By Eric Bradner, Evansville Courier & Press

- Though Democrats who control the Indiana House are nervous about the effects that constitutional property tax caps would have on local governments, they started a charge Monday toward an early 2010 vote that would give voters the final say.

The House Ways and Means Committee is meeting today at the Statehouse, hearing from supporters of amending Indiana's constitution to include property tax caps and opponents. Delayed because Indianapolis roads were slowed by snow, fewer than half of the committee's 25 members were in attendance as the meeting started.

The fiscal panel will not vote on the caps Monday, but its chairman, Rep. Bill Crawford, D-Indianapolis, said it will vote on the constitutional amendment prior to the legislative session's Jan. 5 beginning. If it wins the panel's approval, the amendment moves to the full House, where Speaker B. Patrick Bauer, D-South Bend, has signaled he will give it a vote.

Meanwhile, the Senate Tax and Fiscal Policy Committee planned to vote on the amendment Tuesday. Since Republicans control that chamber, it is expected to easily win passage both in that panel and in the full Senate.

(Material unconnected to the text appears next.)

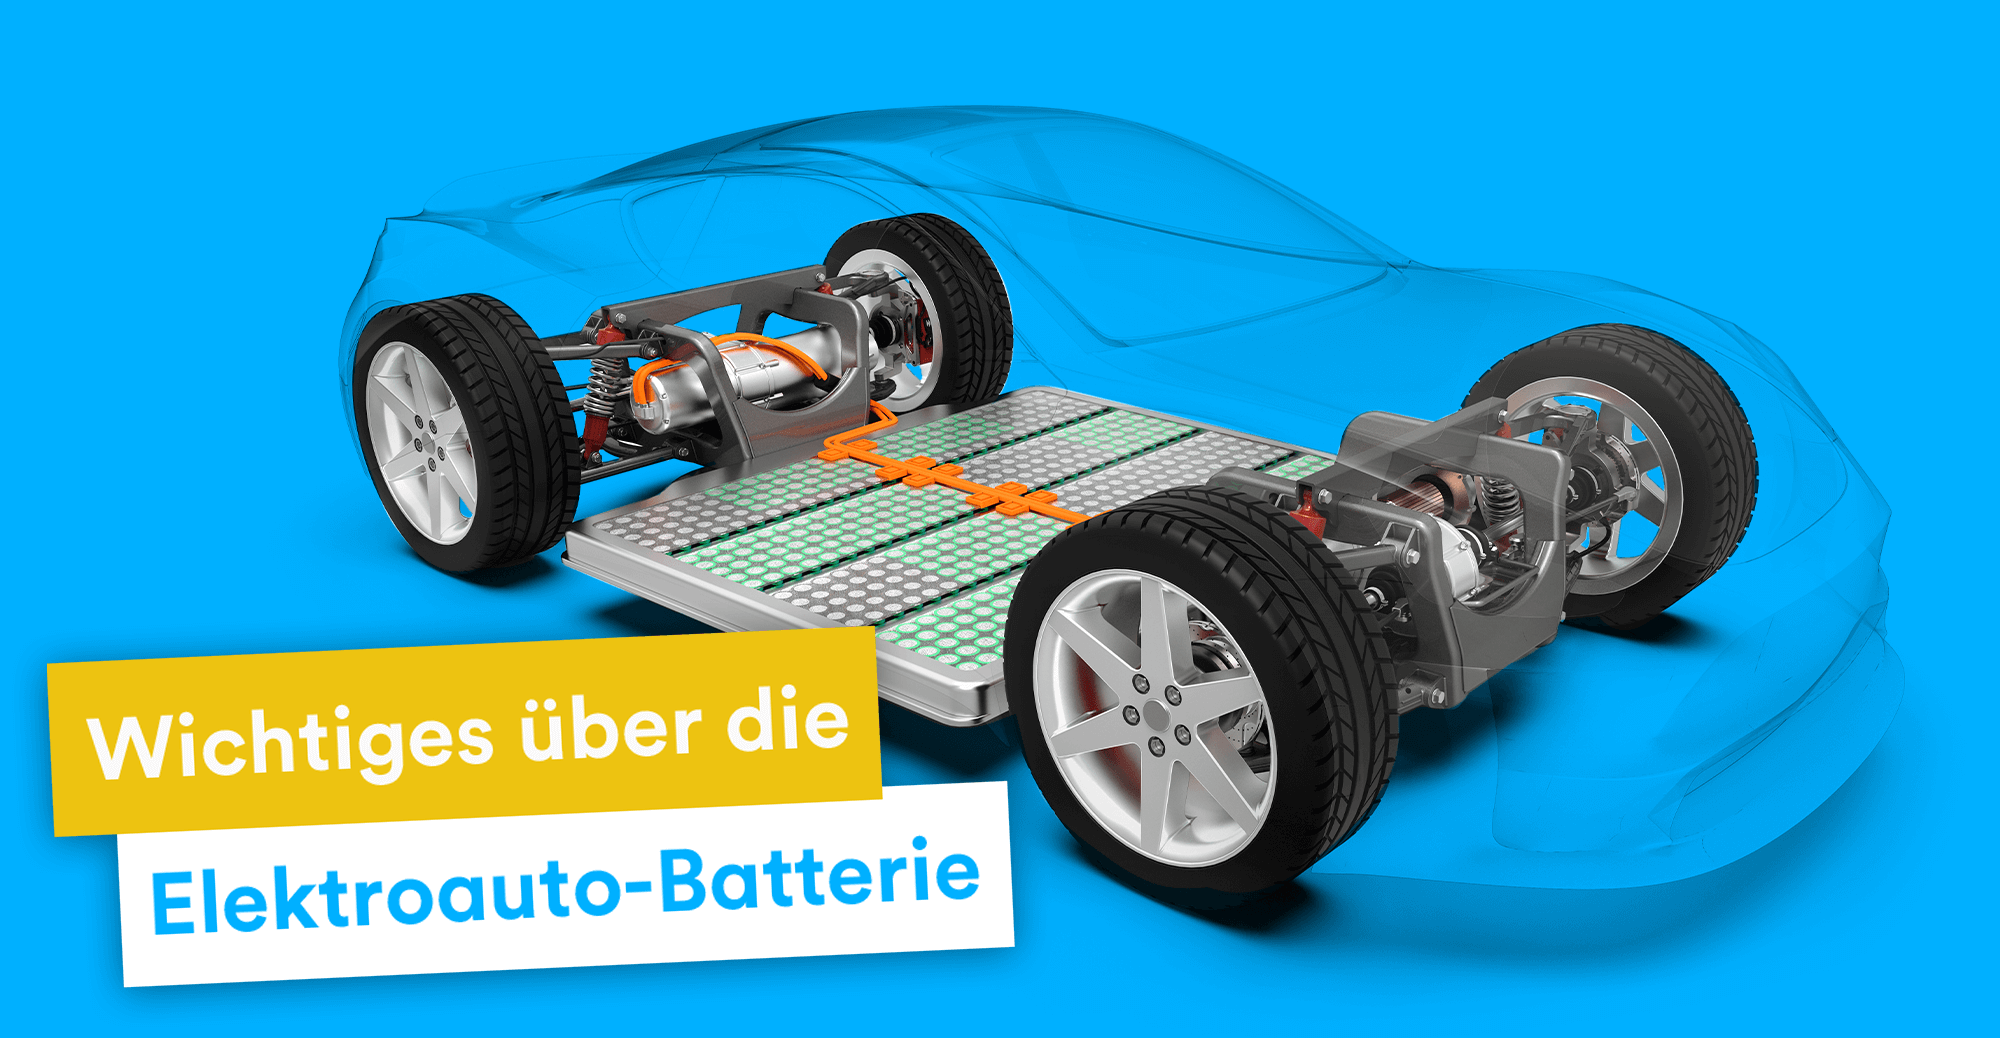 TH Mittelhessen will Lebensdauer von Elektroauto-Batterien verlängern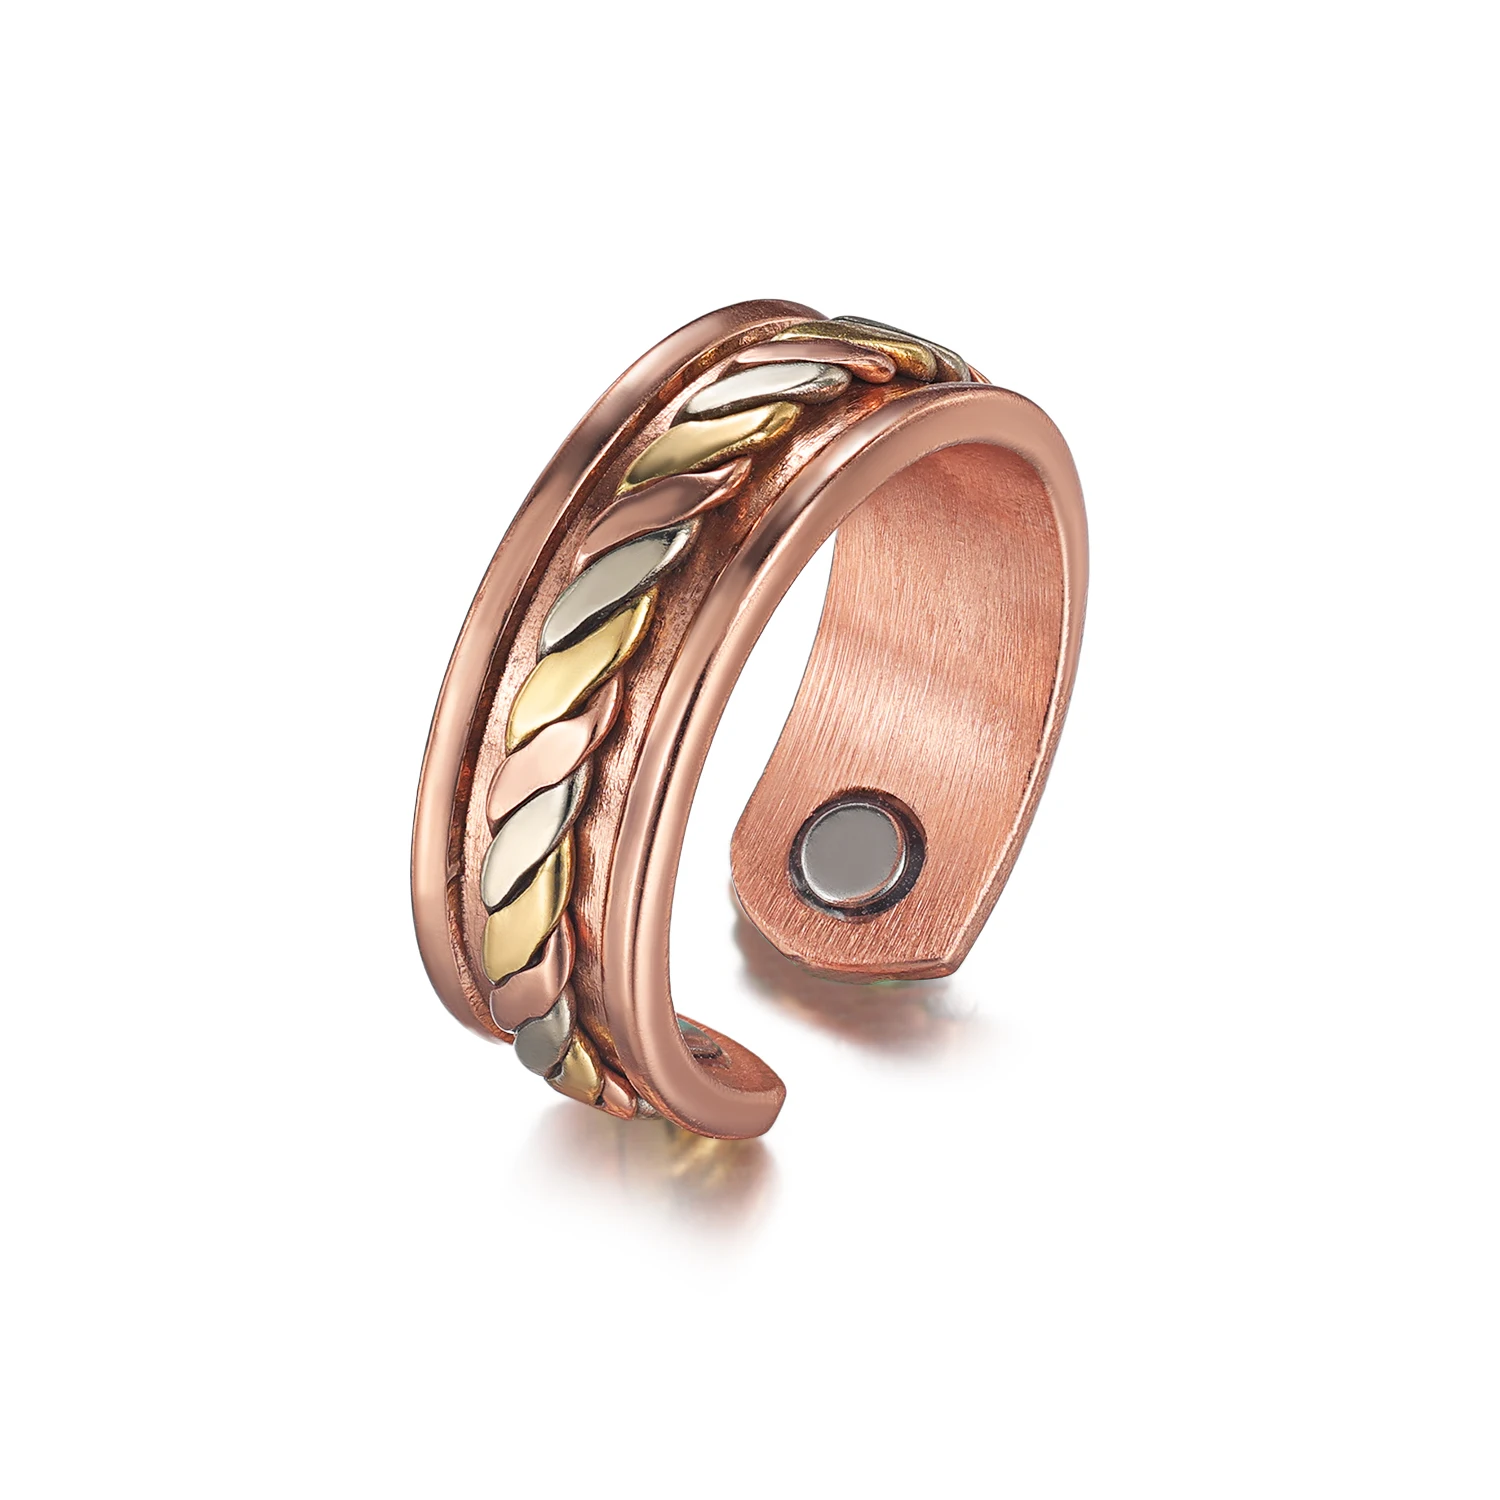 copper ring benefits in astrology copper useful for which zodiac signs |  तांबे का छल्ला पहनते हैं तो भूलकर भी ना करें ऐसी गलती, जानें किसके लिए है  शुभ | Hindi News, धर्म

State lawmakers in 2008 voted to phase in property tax caps of 1 percent for homes, 2 percent for farms and rental property and 3 percent for businesses. According to estimates by the Legislative Services Agency, the General Assembly's non-partisan research arm, those caps would save property taxpayers - and cost local governments - $465 million in 2010 and $488 million in 2011.

Lawmakers also voted in 2008 to amend those caps into Indiana's constitution. To complete that process, the amendment needs to be passed by both the House and the Senate this year and approved by voters in a November 2010 statewide referendum in order.

Democrats have long argued that while property tax caps might save homeowners money, the steps the state has taken to make up for that loss, such as raising the sales tax from 6 to 7 percent, simply shift the burden.

They point out that allowing local governments to increase other taxes could amount to a tax shift, not a reduction.

Rep. Ed Delaney, D-Indianapolis, raised questions about whether Indiana's system of allowing counties to adopt local-option income taxes does just that.

"Is it fair to say that our local option income tax system is not designed for the constitutional amendment we're talking about passing?" Delaney said.

Democrats have argued that if tax caps are to be written into Indiana's constitution, they must be coupled with legislation preventing property assessments from rising wildly from year to year.

House Bill 1004, which would cap the amounts assessments could increase, was scheduled to be considered Monday as well. However, due to snow, that bill's author, Democratic Rep. Dale Grubb of Covington, could not attend. Instead, lawmakers will discuss it Wednesday.